Exercise brief:
The reply should contain every line of the data, repeated exactly, and no pictures.

--- Data extract Enclosed Below ---

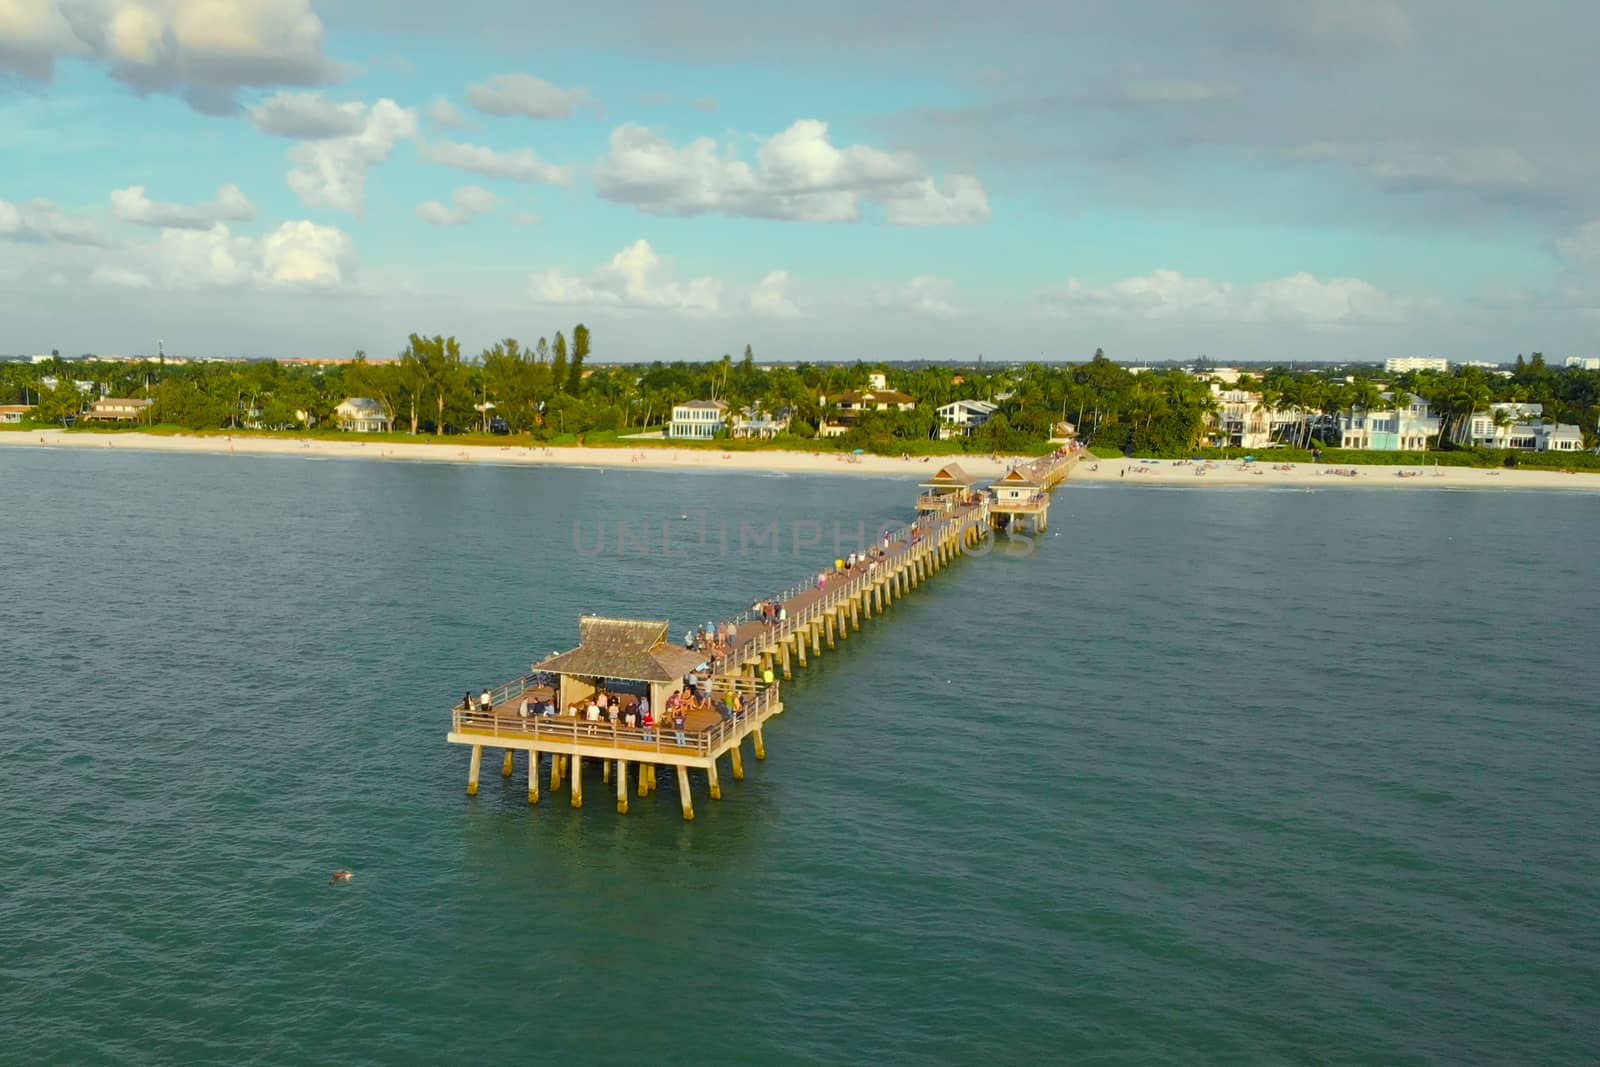 Drone flies around a fishing pier in Naples, Florida USA. Drone flies near a pier in Naples, Florida at sunset time, aerial view. Naples, Florida is a tourist town in the USA, Aerial view photo.
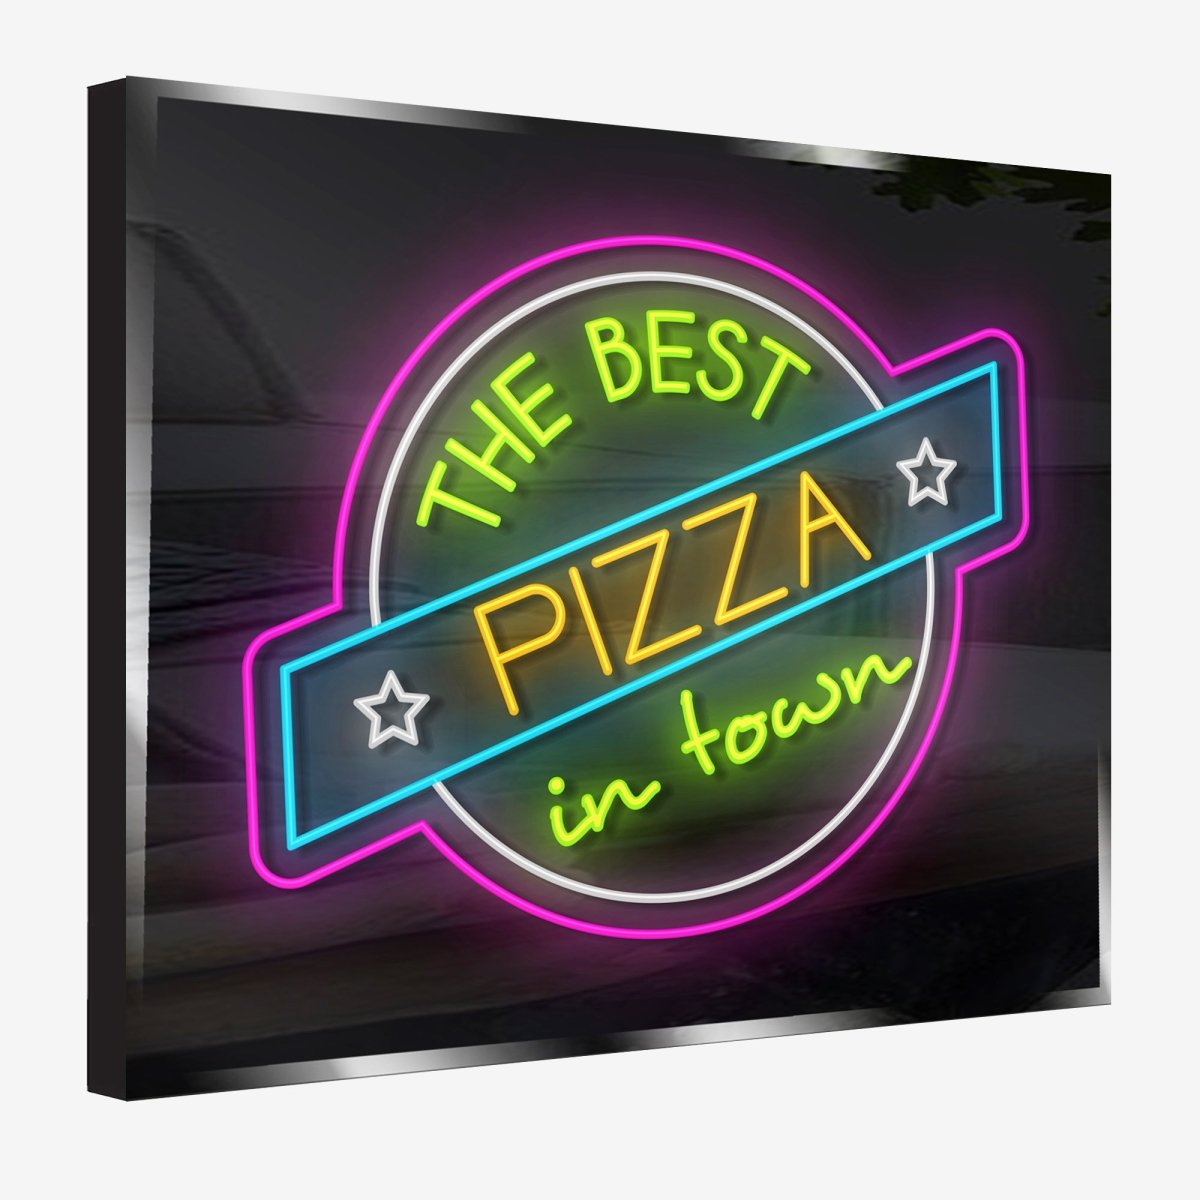 Personalized Neon Sign Pizza2 - madaboutneon
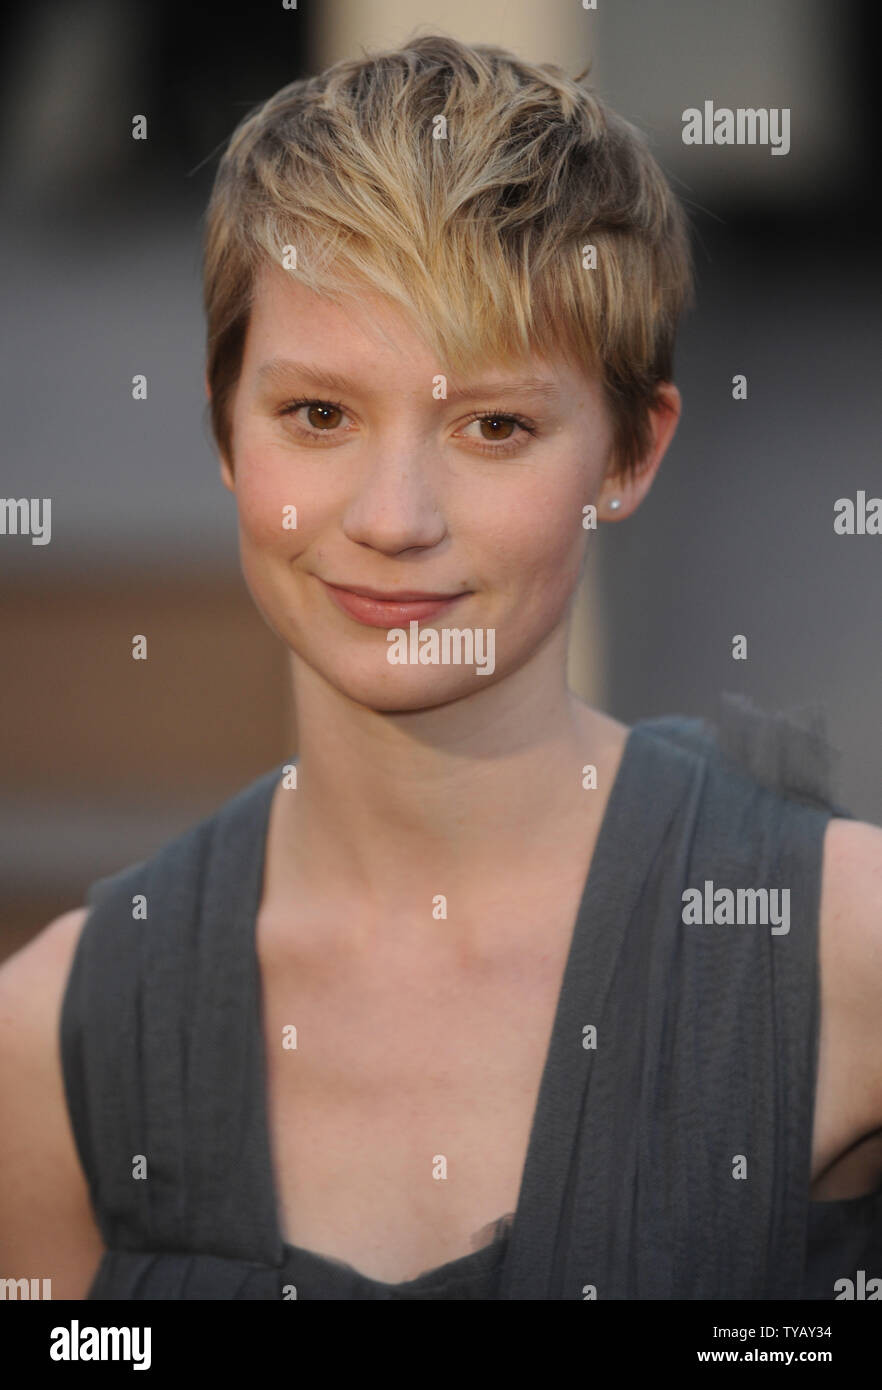 Australian actress Mia Wasikowska attends 'Burberry Prorsum' catwalk show at  Chelsea College Of Art And Design during Fashion Week in London on February 23, 2010.     UPI/Rune Hellestad Stock Photo
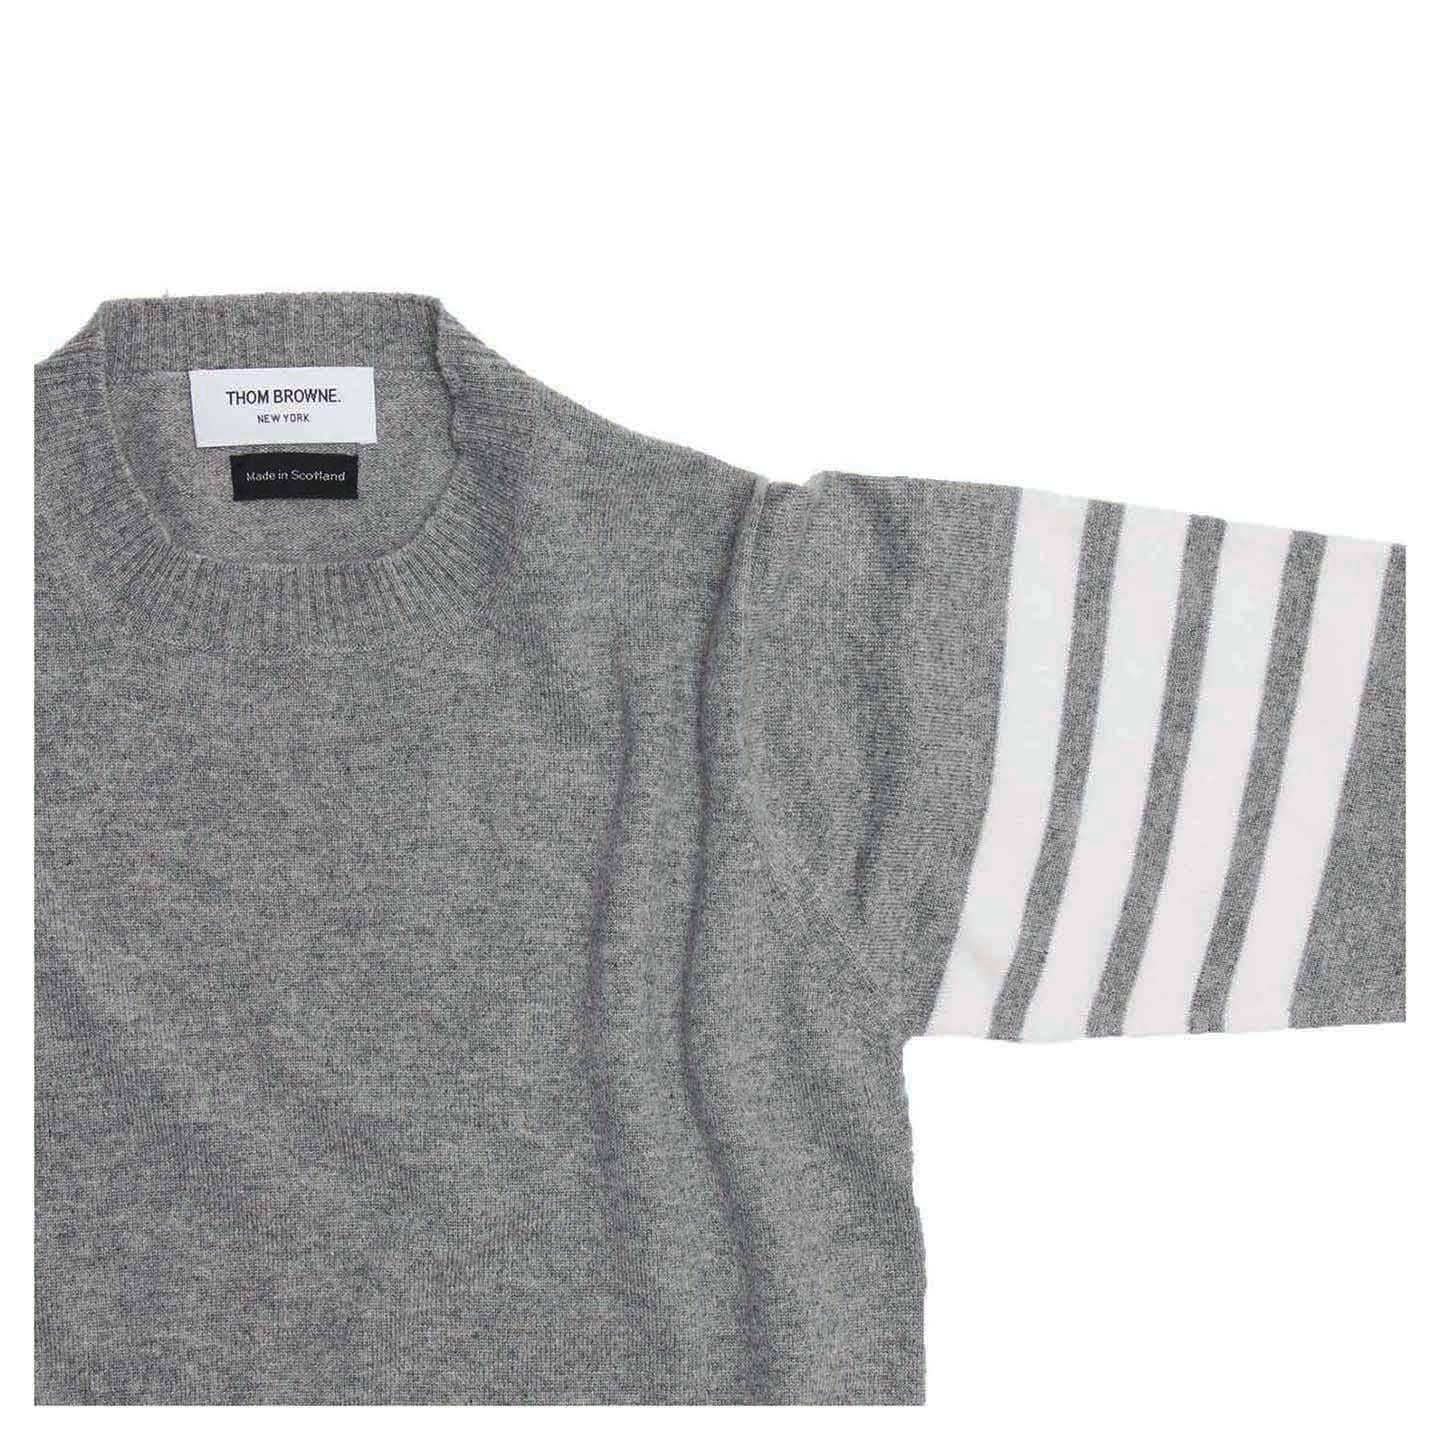 Thom Browne Grey Cashmere Crew Neck Pullover In Excellent Condition For Sale In Brooklyn, NY

--- End of Enclosed Data extract ---

Answer below:
 Drone flies around a fishing pier in Naples, Florida USA. Drone flies near a pier in Naples, Florida at sunset time, aerial view. Naples, Florida is a tourist town in the USA, Aerial view photo.
 Personalized Neon Sign Pizza2 - madaboutneon
 Australian actress Mia Wasikowska attends 'Burberry Prorsum' catwalk show at  Chelsea College Of Art And Design during Fashion Week in London on February 23, 2010.     UPI/Rune Hellestad Stock Photo
 Thom Browne Grey Cashmere Crew Neck Pullover In Excellent Condition For Sale In Brooklyn, NY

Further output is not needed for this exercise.